「このビールを買ったのはいつのことだったっけ…」
そんな風に思い出を振り返ってしまうようなビール、「サミクラウス」。
スイスで造られたビールでアルコール度数が14.4度とビールにしては異常に高いことでも有名ですが、それ以上に特徴的なのは瓶内で「長期間熟成させて飲む」ビールであるということ。特殊イーストの作用によるものらしいです。
自宅で保管していたサミクラウスはそんなリニューアル前のもので、醸造は1997年。ラベルには「飲み頃:2007年頃が良いとされていますがお好きな時期にお召し上がりいただき、甘味、酸味、熟成の違いをお楽しみください。」とあり、実はもったいなくて飲めないまま3年さらに過ぎてしまっています(苦笑)それが少々不安だったのですが、思い立ったときが時期だとおもって、思い切って開けてみました。

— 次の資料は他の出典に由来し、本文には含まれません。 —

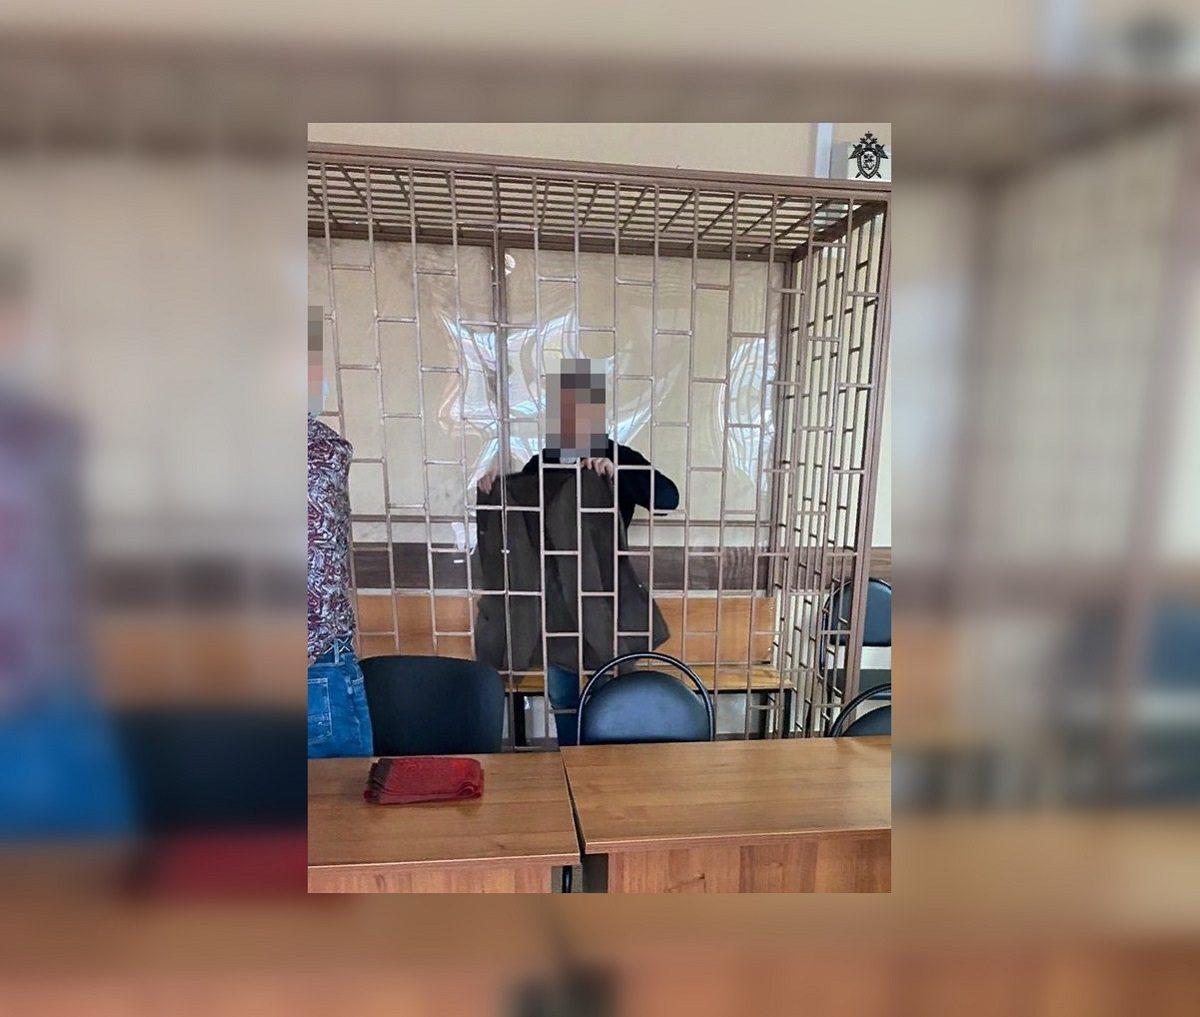 Бывшие сотрудники министерства финансов Нижегородской области оказались на скамье подсудимых

注いでみて一番に感じるのは、とにかく香りが違う。ビールらしさも感じないことはないのですが、それよりもこれはむしろワインに近い。熟成された甘くそれでいて苦い酸味のある入り組んだ香りがします。凄く香ばしい。
ビールなのに泡は殆ど立ちません。そのあたりもワインっぽい。
お味の方はと言うと…美味しい!
正直「ビールか?」と言われるとビールじゃない気もしますが、飲み物としてこれは美味しいです。香りの時と同じように、酵母の甘味と苦味、熟成したワインのような酸味、それが一体となって繊細な味を作っています。なんだろうなぁ、これ。過去に飲んだことがあるようでもあり、まったく飲んだことがないようでもある、絶妙な味です。

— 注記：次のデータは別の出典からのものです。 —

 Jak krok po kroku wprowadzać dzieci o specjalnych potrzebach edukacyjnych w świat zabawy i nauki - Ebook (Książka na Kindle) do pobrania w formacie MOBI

このビールとは、都合13年間、間に2度の引っ越しを挟みながら付き合ってきたという自分の「歴史」があるので…その分思い入れも強いんでしょうね、きっと。あー何か色々思い出すわ。
このビールを買ったのは1997年、その時1回切りで、家にあるのもこの1本だけ。なので次に飲めるのはまた何年か後ということになります。毎年サンタクロースの誕生日である12月6日(そうなのか?)に合わせて限定醸造されるとのことなので、また何年か後に振り返るべく、何本か買っておこうと思います。このビールを何かの記念日に開ける、というのもなかなか良いんじゃないでしょうか。
ちなみに。
最近のサミクラウスはリニューアルして容量が250mlから330mlに増え、原産国はスイスからオーストラリアに変更され、「5年後が飲み頃」とされているようです。1997年当時はリニューアル前のもので「10年後が飲み頃」となっていました。ベルギービールJapanさんのレビューによると、「心なしか以前のサミクラウスより色が薄い」「モルトの香りが全面に出ており、以前のブランデーのような複雑な香りはあまり感じられない」とあり、何か組成が変わった(もしくは会社自体が変わった)のかも知れません。

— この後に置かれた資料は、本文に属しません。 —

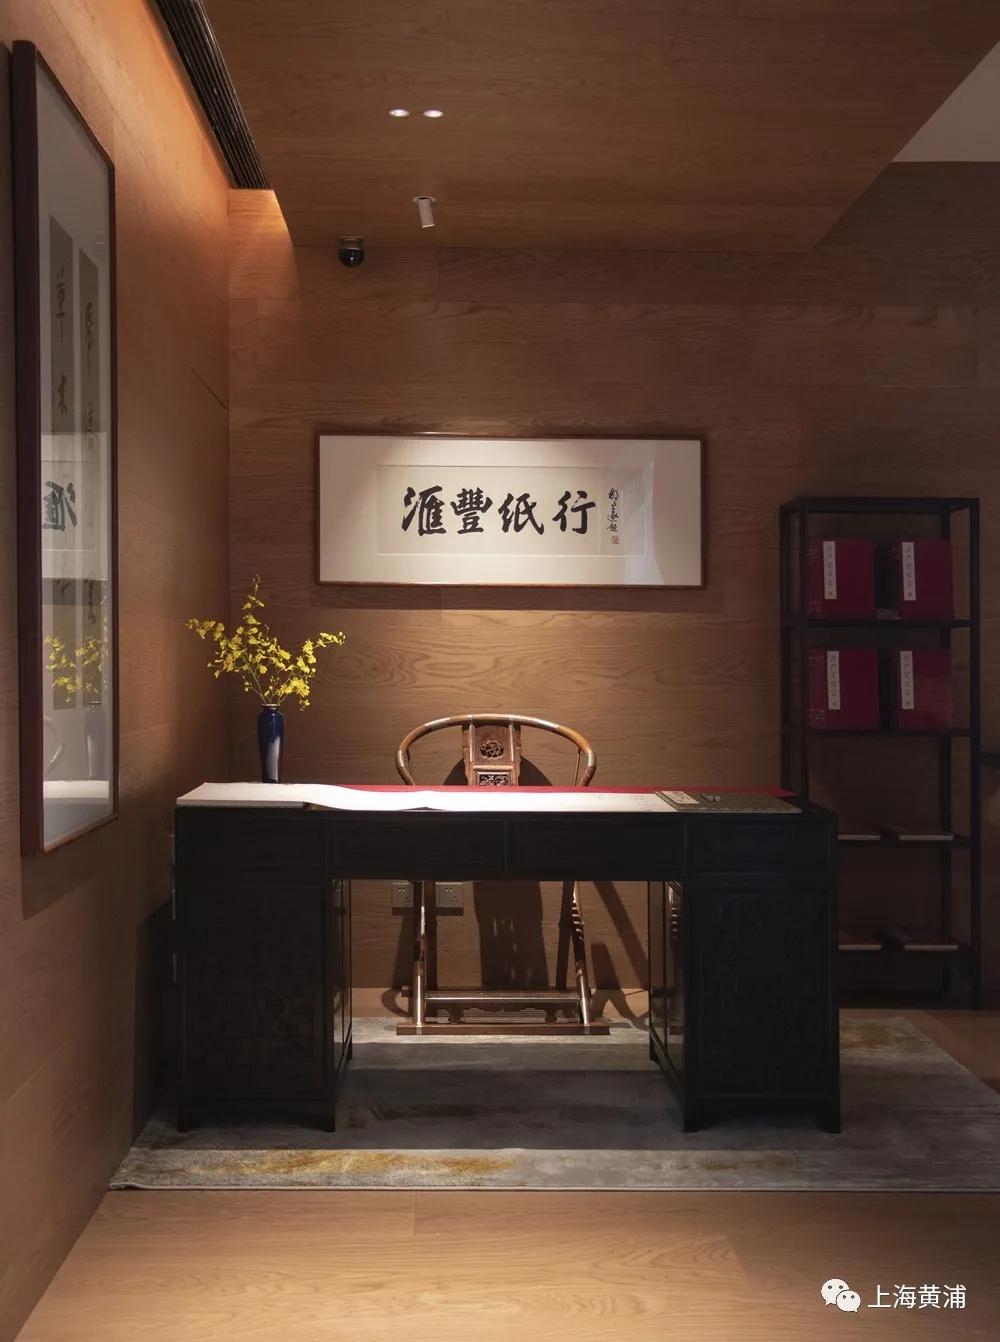 """""""纸张大王""""上海汇丰纸行重回福州路,曾是上海最大的纸行-第4张图片-蓝狮娱乐"""

…そう思ってwikipedia(英語版)で調べてみたら驚くべき記述が。
Schloss Eggenberg – Wikipedia, the free encyclopedia
Hürlimann’s founder Albert Hürlimann was a world leader in the scientific study of yeast, and the brewery has a long history of yeast development. The Samichlaus Christmas beer was first brewed in 1979 for sale in 1980. Production continued annually until 1997, when the brewery closed. In 2000, it returned, this time produced by Schloss Eggenberg in collaboration with the original Hürlimann brewers, using the original Hürlimann Samichlaus recipe.
簡単に日本語にすると、
イースト酵母の研究者として有名だったAlbert Hürlimannが1979年から醸造していたビールだったが、ブリュワリーが閉鎖されたこともあり1997年に生産が終了した。2000年にSchloss Eggenberg社(オーストリア)がオリジナルレシピを使用して醸造することで生産再開。
なるほどそうだったのか…
ということは、僕が飲んだこのビールは、オリジナルのサミクラウスとして醸造された最後のビールだったということでしょうか。飲み頃が3年過ぎてしまったことを考えると、もしかしてこれ以上古いオリジナルのサミクラウスは、もう現存していないのかもしれません。。